Figure 10 illustrates a base path CHB obtained, which is a broken line whose intermediate points or crossing points are the characteristic points of the graph for which the sum of the weights is minimized.

This basic path CHB has as its main object, in complex environments, to determine the optimal route between the forbidden zones with respect to this minimization of weight.

From this base path, the processing unit works out an effective path CHE, an example of which is illustrated in Figure 11, by performing a certain number of operations on the base path, in particular:

- elimination of certain waypoints using alignment tests (if three waypoints PPn-1, PPn and PPn+1 are, within an approximation, on the same line, then the intermediate waypoint PPn is eliminated);

- elimination of certain crossing points by calculating a straight line connecting crossing points PPn-1 and PPn+1 located on either side of a crossing point PPn, by determining whether this straight line intersects one or more dilated forbidden zones , and elimination of the passage point Pn in the case where this test is negative;

- refinement of the path freed from certain useless intermediate points by an approach of reduction of the sum of the weights; this process involves, for example, a dichotomous approach: if we consider a path section made up of three waypoints PPn-1, PPn and PPn+1, the point PPn is replaced by a point PPn' of the segment PPn- 1-PPn such that the weight associated with the PPn'-PPn+1 branch is less than the weight associated with the PPn-PPn+1 branch, this search for the PPn' point being carried out by dichotomy; an effective path CHE is thus generated whose total weight of the branches is minimized.

At the end of these steps, the processing unit bases itself on the data of the effective path CHE to construct a volume or flight corridor that the UAV must obligatorily respect.
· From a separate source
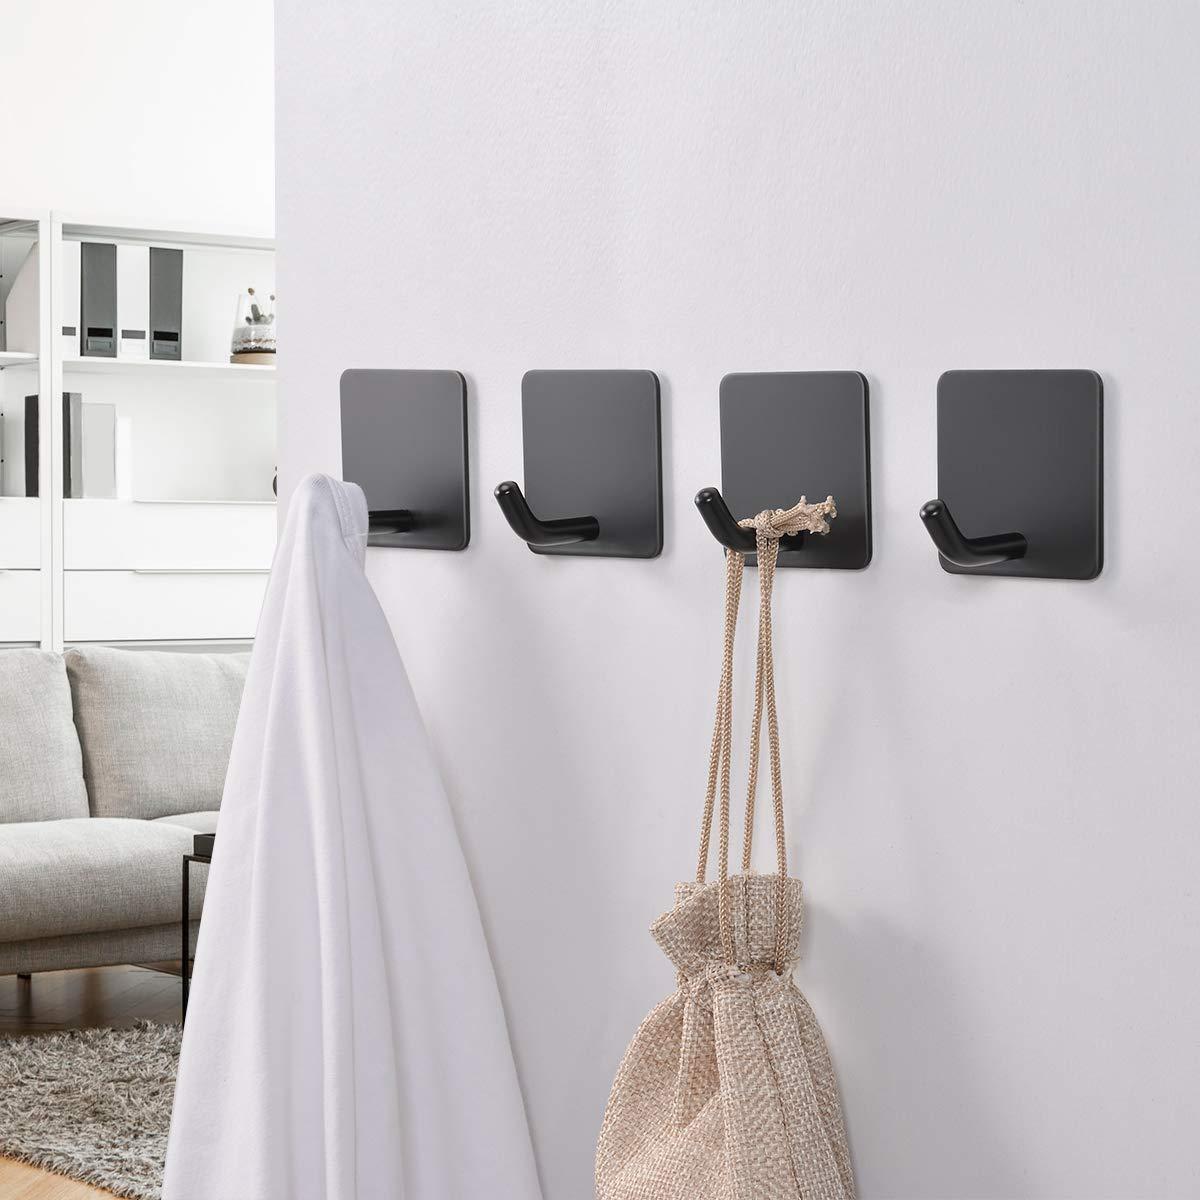 FLE Towel Hooks Self-Adhesive Wall Single Hook Kitchen 4 Packs Stainless Steel Black Coat Robe Hooks for Bathroom

This volume is constructed taking into account a relaxation factor around the CHE path.

This release factor is determined from a maximum wingspan data of the UAV, increased by a factor which can be either uniform and depend on the nature of the site, or variable according to the location of the CHE path and in particular its distance from prohibited flight zones (after expansion), ie the sum of a uniform factor and a variable factor.

In a basic embodiment, the consideration of this relaxation factor in the calculation of the mandatory flight corridor involves the calculation of a set of truncated cones placed end to end around the path CHE, the radius of the base of each truncated cone being equal to the relaxation factor. Step by step, the flight volume is built around the path to be followed CHE.

This flight corridor can either be calculated after establishing the CHE path, for the whole of it, or calculated dynamically during the flight of the UAV. It will be recalculated each time the UAV determines a new CHE path after varying the weights of the branches of the graph.

Periodically, the UAV compares its actual current position with the geometric data of the flight corridor. When this comparison detects an exit from the flight corridor (in particular depending on external factors such as a strong wind, a temporary GPS location problem, etc.), a corrective flight instruction is applied to the autopilot according to the measured position deviation.

It should be noted that other factors may be useful for the static or dynamic determination of the authorized flight corridor, and in particular:

- UAV agility factors (type of wing, minimum speed – case of a fixed airfoil – and maximum, maximum acceleration, etc.),

- characteristics of on-board sensors (Lidar, Laser, etc.),

these factors notably influence the ability of the UAV to dynamically detect and avoid collisions. In general, a flight corridor is expected to be all the narrower as these skills are weak.

Moreover, once the dimension of the flight corridor has been established, it can be expected that the UAV, within this corridor, adopts a trajectory which is different according to these parameters or other parameters, whether dynamic or static. Thus the determination of the trajectory can be influenced by the value of various parameters having the effect of favoring the shortest possible trajectory, or else one allowing the execution time to be reduced as much as possible, or even the one remaining as far as possible from the obstacles.

According to another characteristic, provision can be made for an exit from the flight corridor to cause, rather than a corrective action on the autopilot aimed at enabling the UAV to find its corridor, a new calculation of the path then of the flight corridor. associated collar.

In practice, when a mission order including destination data is received by the UAV, the onboard processing unit initiates the first global path search. Then, during the flight, communication channels between the UAV and other equipment (ground equipment, sensors, other UAVs, etc.) allow the processing unit to update the weights of the branches of the graph .

At the same time, either at a determined frequency (for example once per second), or each time a weight is modified, the UAV processing unit performs a new path search between its current position and the indicated destination. at the beginning.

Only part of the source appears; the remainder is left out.